GEAR: Reconstruction of Classical Paintings via Geometry Grounding and Appearance Restitution

2026-07-20Multimedia

Multimedia
AI summary

The authors introduce a new task called Classical Painting-to-3D (CP3D), which focuses on turning single classical paintings into 3D models that look accurate and believable from different views. They note that traditional methods struggle because paintings have unique styles and weak depth clues compared to photos. To solve this, they propose GeAR, a two-step method that first fixes the painting’s lighting and shape cues, then recovers the original textures and details to maintain the artwork's appearance.

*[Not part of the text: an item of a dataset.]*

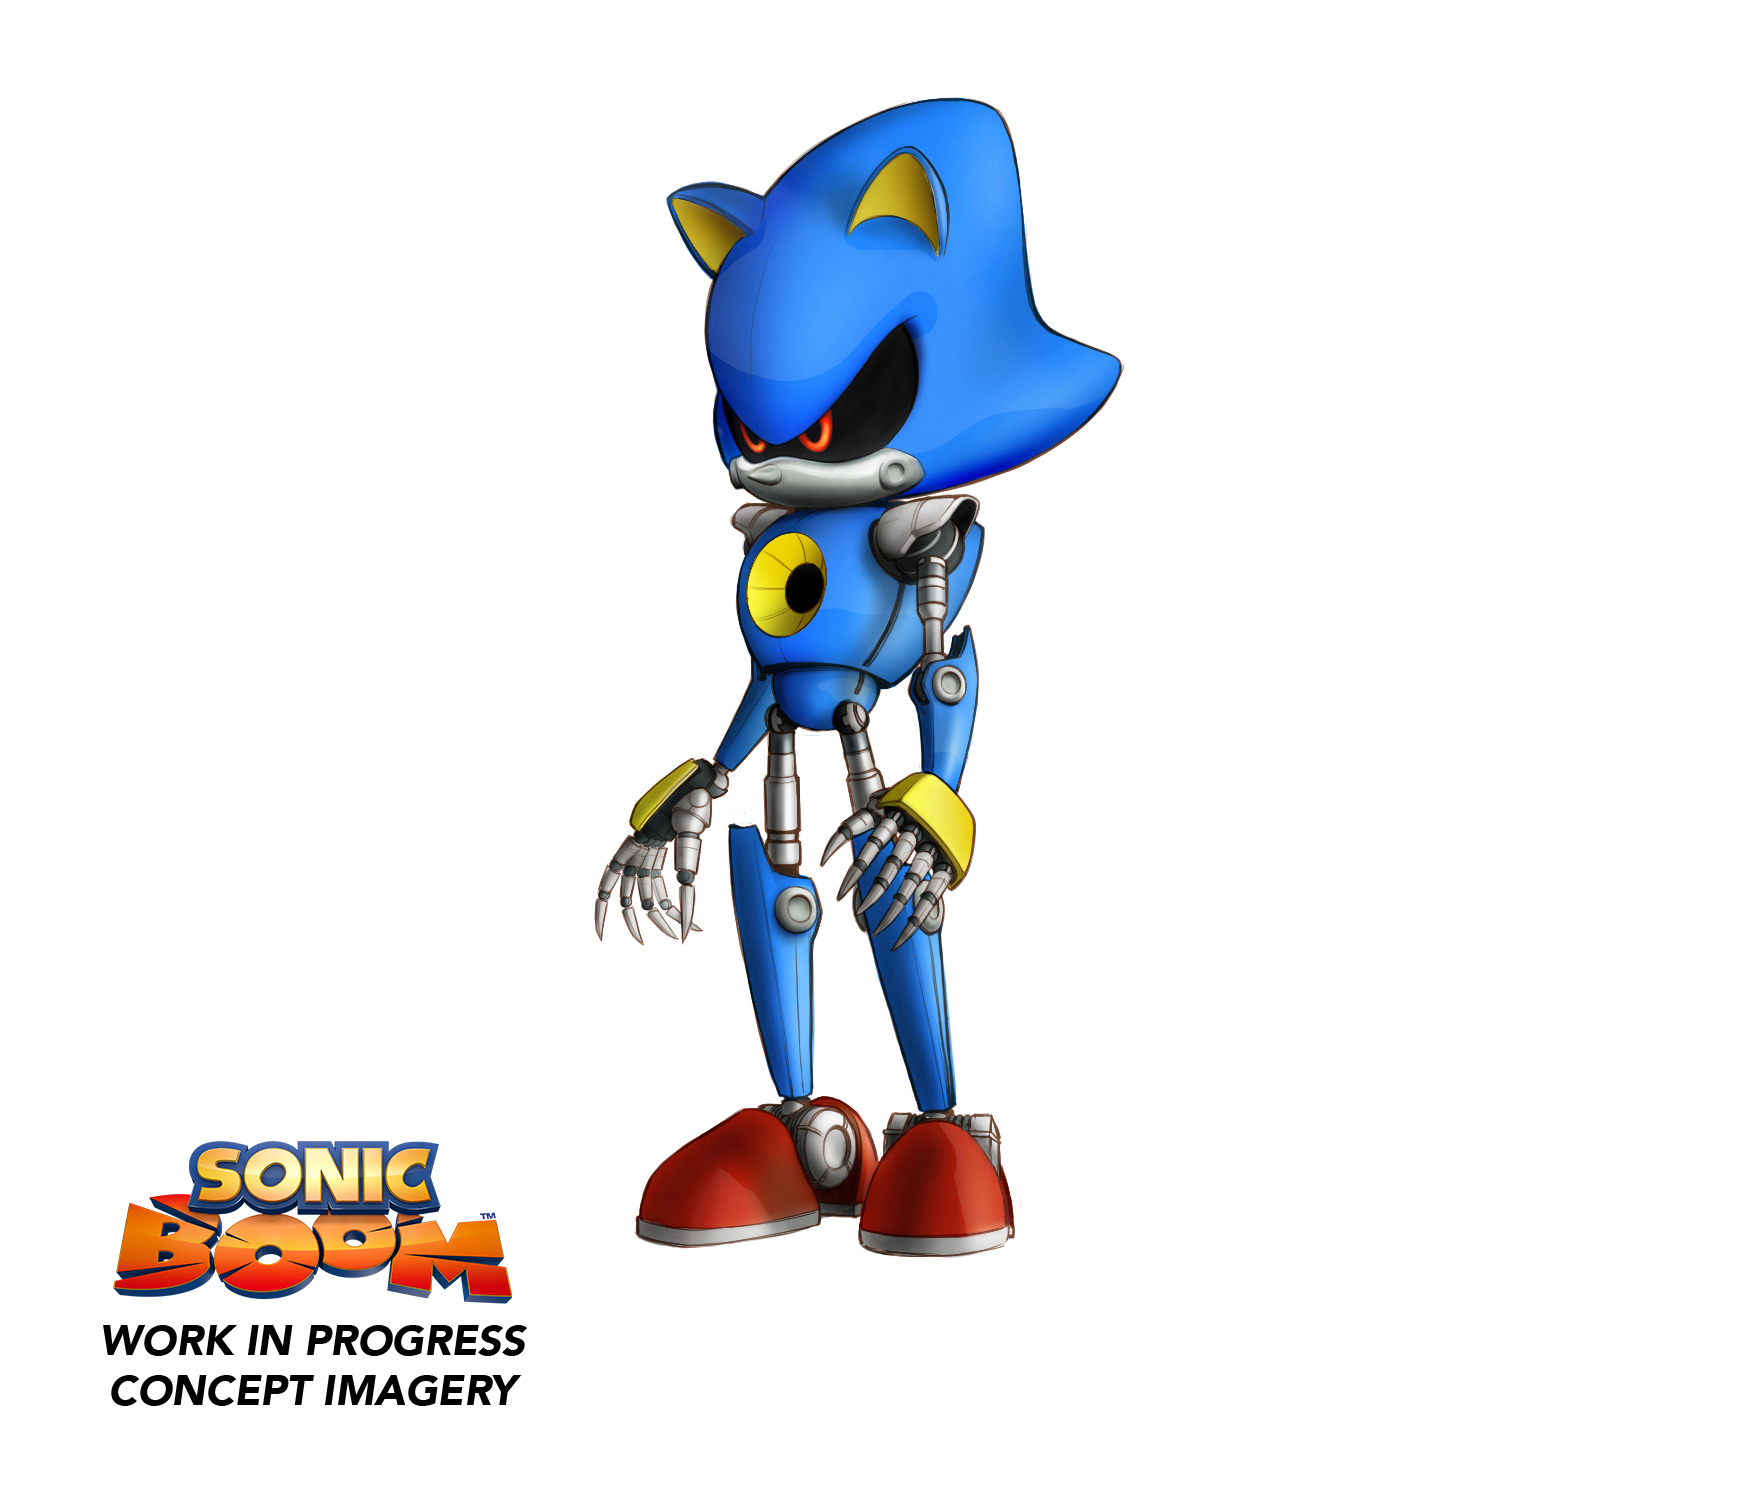 Sonic dies in this new Sonic Boom: Rise of Lyric trailer, also
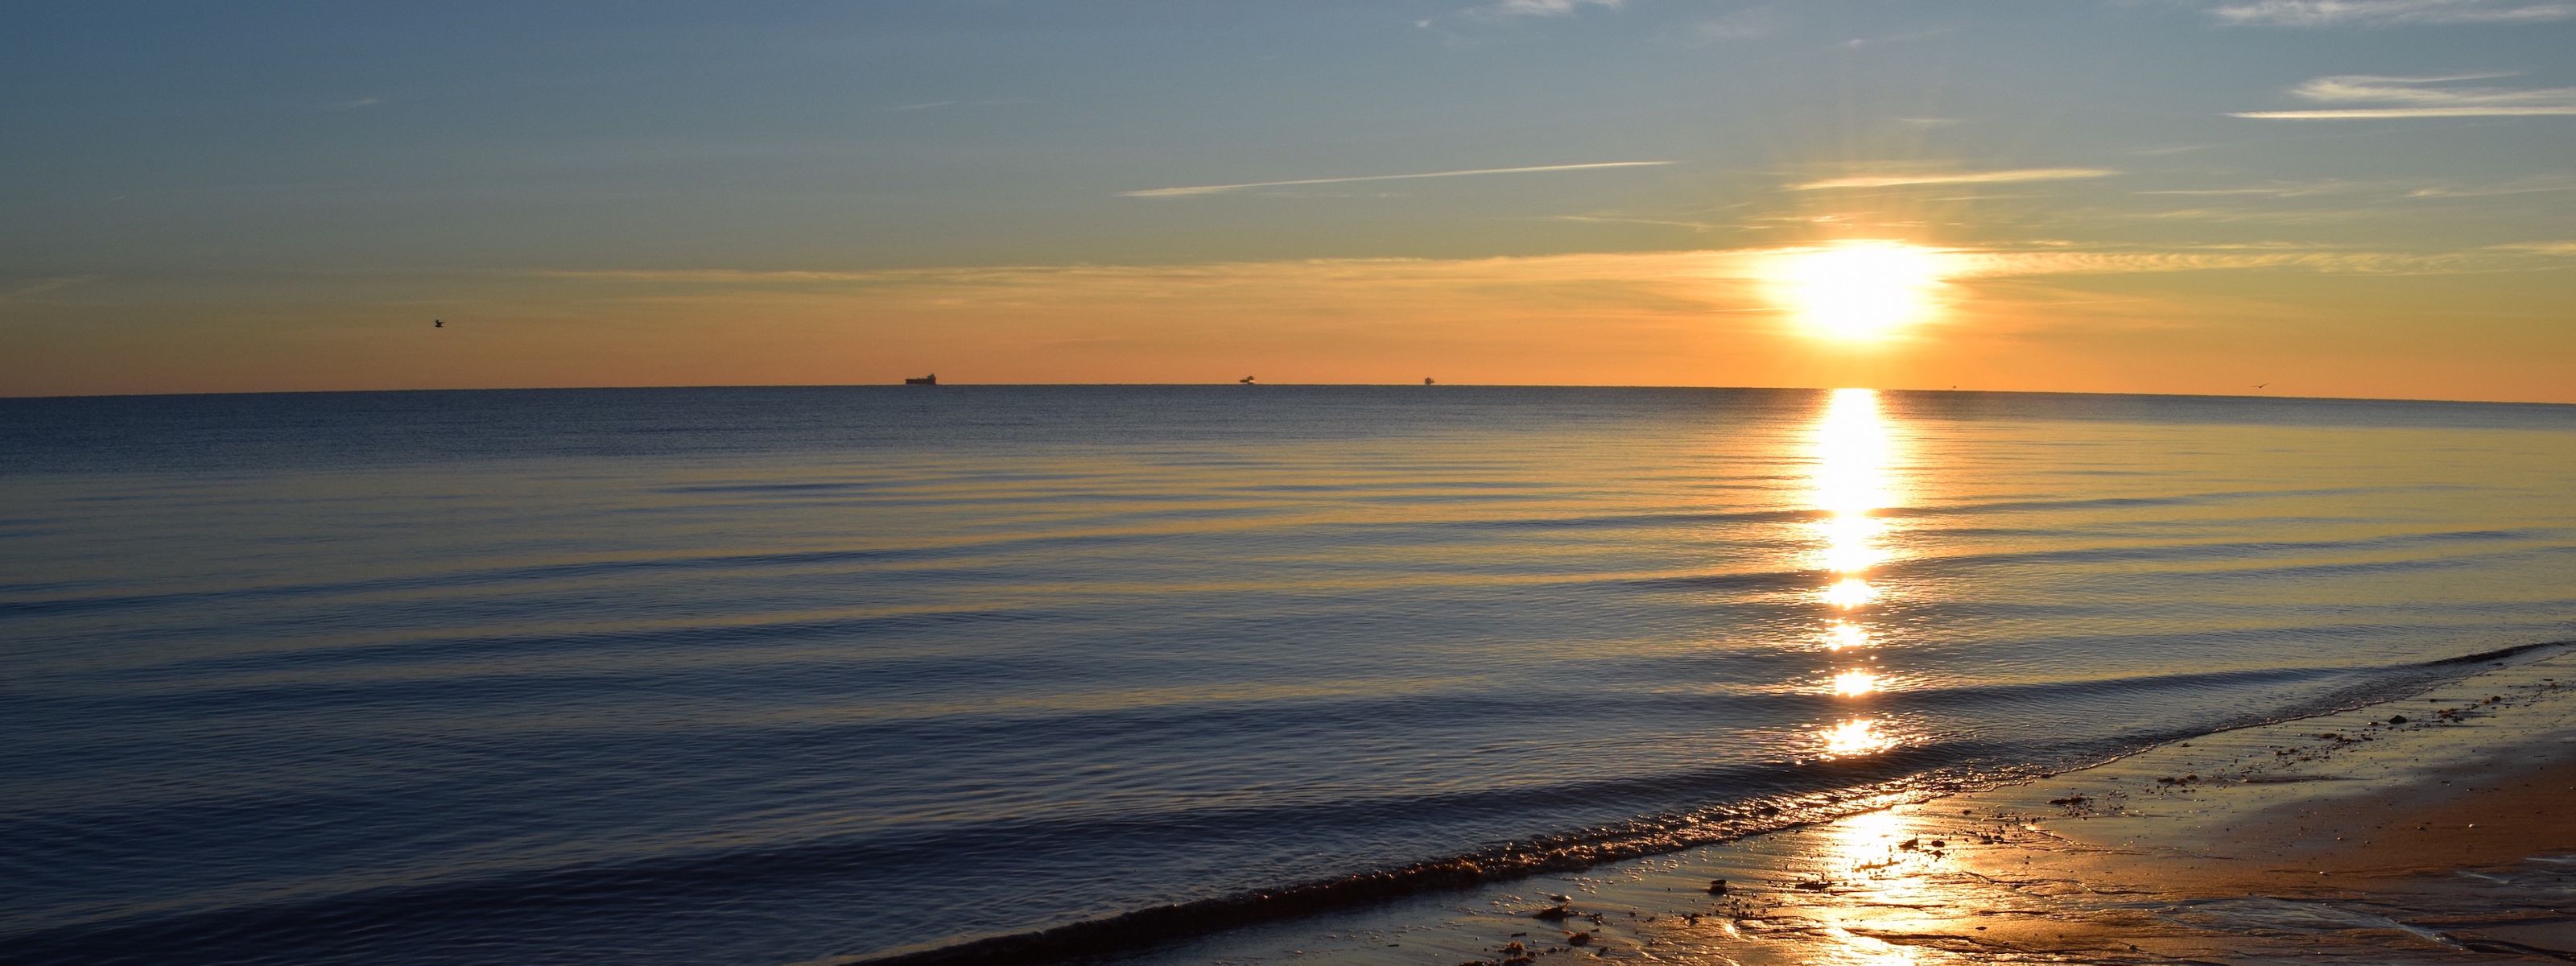 The sun sets over the wide expanse of Delaware Bay as the water gently laps the sandy shore.

They also create a large dataset called HeriArch to test their approach, showing it works better than existing methods in making geometrically correct and visually faithful 3D scenes.

3D reconstructionclassical paintingsgeometry groundingappearance restitutionnovel-view synthesisshading and illumination3D Gaussian reconstructionmulti-view consistencydigital preservationbenchmark dataset
Authors
Qinyu Zhang, Xinda Liu, Yunchen Li, Yunzhuo Liu, Chenxi Hu, Kang Li, Guohua Geng
Abstract
Classical paintings preserve rich spatial, cultural, and historical content, making their reconstruction as explorable 3D scenes valuable for digital preservation, immersive exhibition, and cultural engagement. Yet, unlike photographs, they often depict scenes in a single-view, stylized manner, with weak perspective, lighting, and depth cues. Existing 3D reconstruction methods are largely built on natural-image priors, making it difficult to recover geometrically plausible and visually faithful 3D representations from such inputs. To address this challenge, we introduce Classical Painting-to-3D (CP3D), a new task that aims to recover a 3D representation from a single classical painting while jointly ensuring geometric plausibility, appearance fidelity to the source artwork, and plausible novel-view synthesis. We further propose GeAR, a training-free two-stage framework for Geometry Grounding and Appearance Restitution. GeAR first converts the input painting into a geometry-grounded representation with more coherent shading and illumination cues, improving the stability of 3D Gaussian reconstruction. It then restores artwork-faithful appearance across views under spatial constraints and multi-view consistency, recovering the painterly textures and details weakened during grounding. In addition, we construct HeriArch, a curated benchmark of 10,160 high-resolution classical artworks for systematic evaluation of CP3D. Extensive experiments and user studies show that GeAR consistently outperforms strong baselines in geometric plausibility, appearance fidelity, and human preference. Code and dataset will be released publicly.